Tears flood my eyes as the man on the pulls Luisa up by the hair, gags her, rips her clothes off, fixes her and pulls out his penis.

I can’t let that happen.

“What do you want me to do?” I shout. “I’ll do whatever, but please stop it!!!”

Luisa’s muted screams rip me apart.

“You’ll do whatever, hm?” the woman asks.

“Yes, whatever, but please let Luisa go—she’s my best friend—she deserves better! She has already gone through so much, please!! I’ll do whatever you want!!! Take me instead!“

“You really don’t know anything, don’t you?” asks the woman in such a playful tone that I am genuinely scared of her. And I call myself crazy for it, but my background makes me ask myself what must have happened to her to be able to be so cold and abusive.

She probably went through hell. And I, the idiot, have somehow compassion with the woman who kidnapped and tortured me.

“I don’t,” I say desperately. “But if that man you’re looking for really was my father, I’ll help you find whatever I can on him, I'll give you whatever I can find in my mother’s stuff, but please, please let Luisa go.”
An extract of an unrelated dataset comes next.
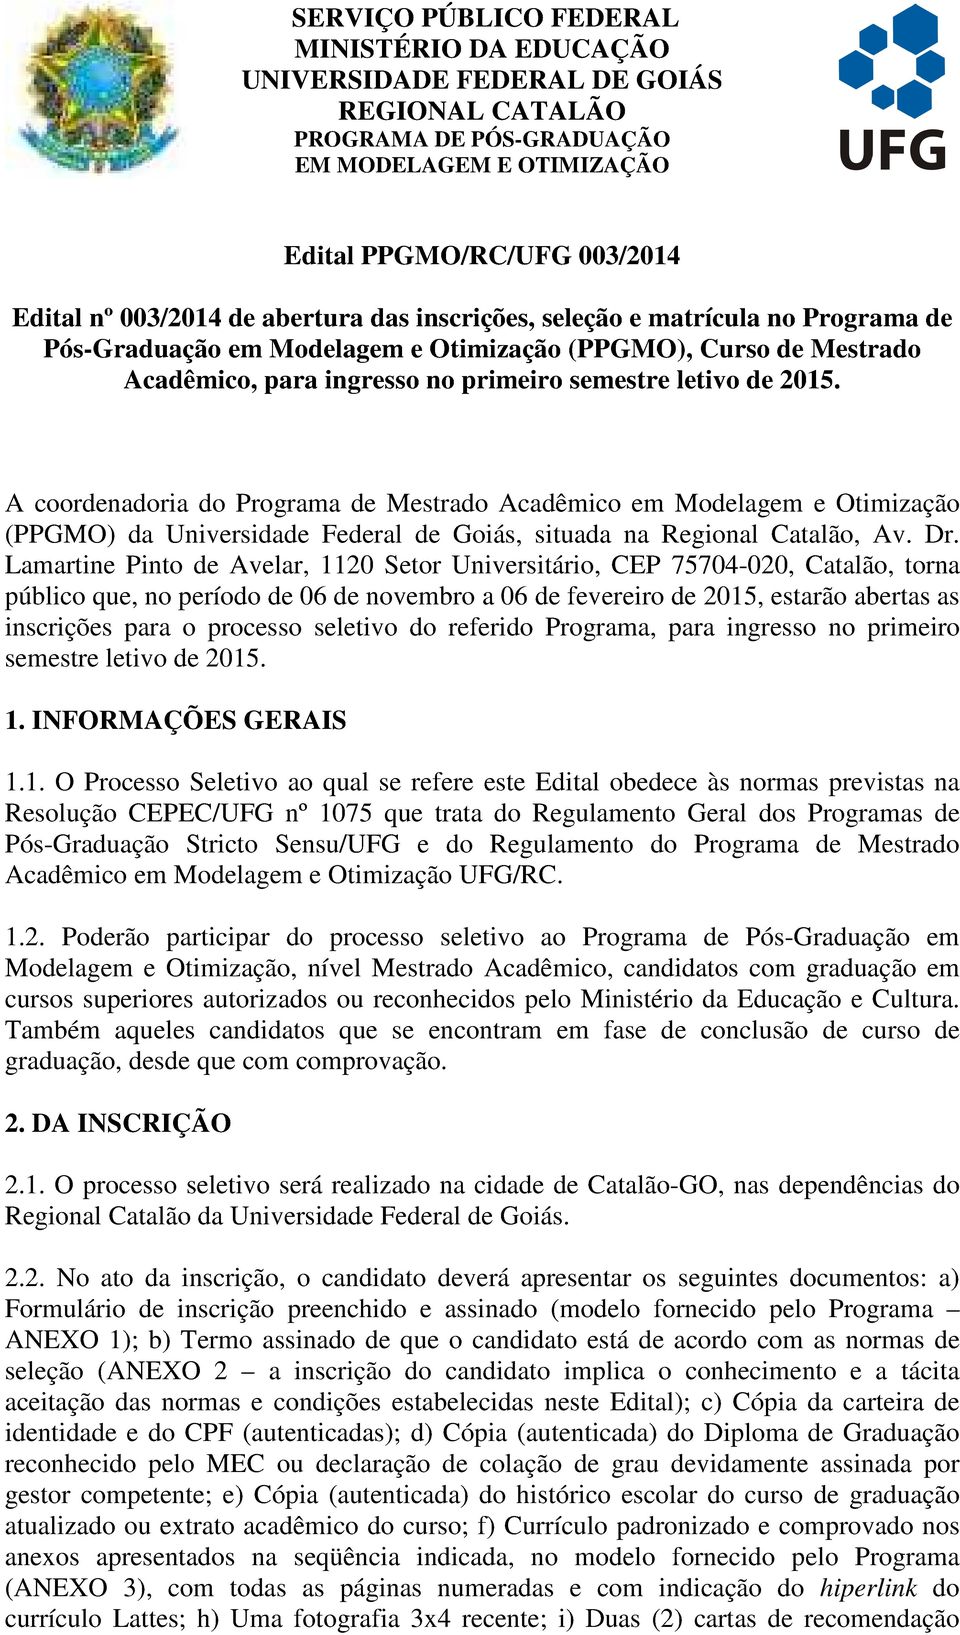 Lamartine Pinto de Avelar, 1120 Setor Universitário, CEP 75704-020, Catalão, torna público que, no período de 06 de novembro a 06 de fevereiro de 2015, estarão abertas as inscrições para o processo

I can barely see the woman’s face in the low light from the laptop. She has her eyes narrowed in an unreadable expression.

“Come with me,” she says, grabs me and pulls me up. I feel as wobbly as it can get, and hold myself to the cold stone I have been leaning on.

“Walk before I change my mind,” she says harshly.

“Let Luisa go,” I say, not walking.

The woman stops.

“Walk now, or she won’t,” she says, annoyed.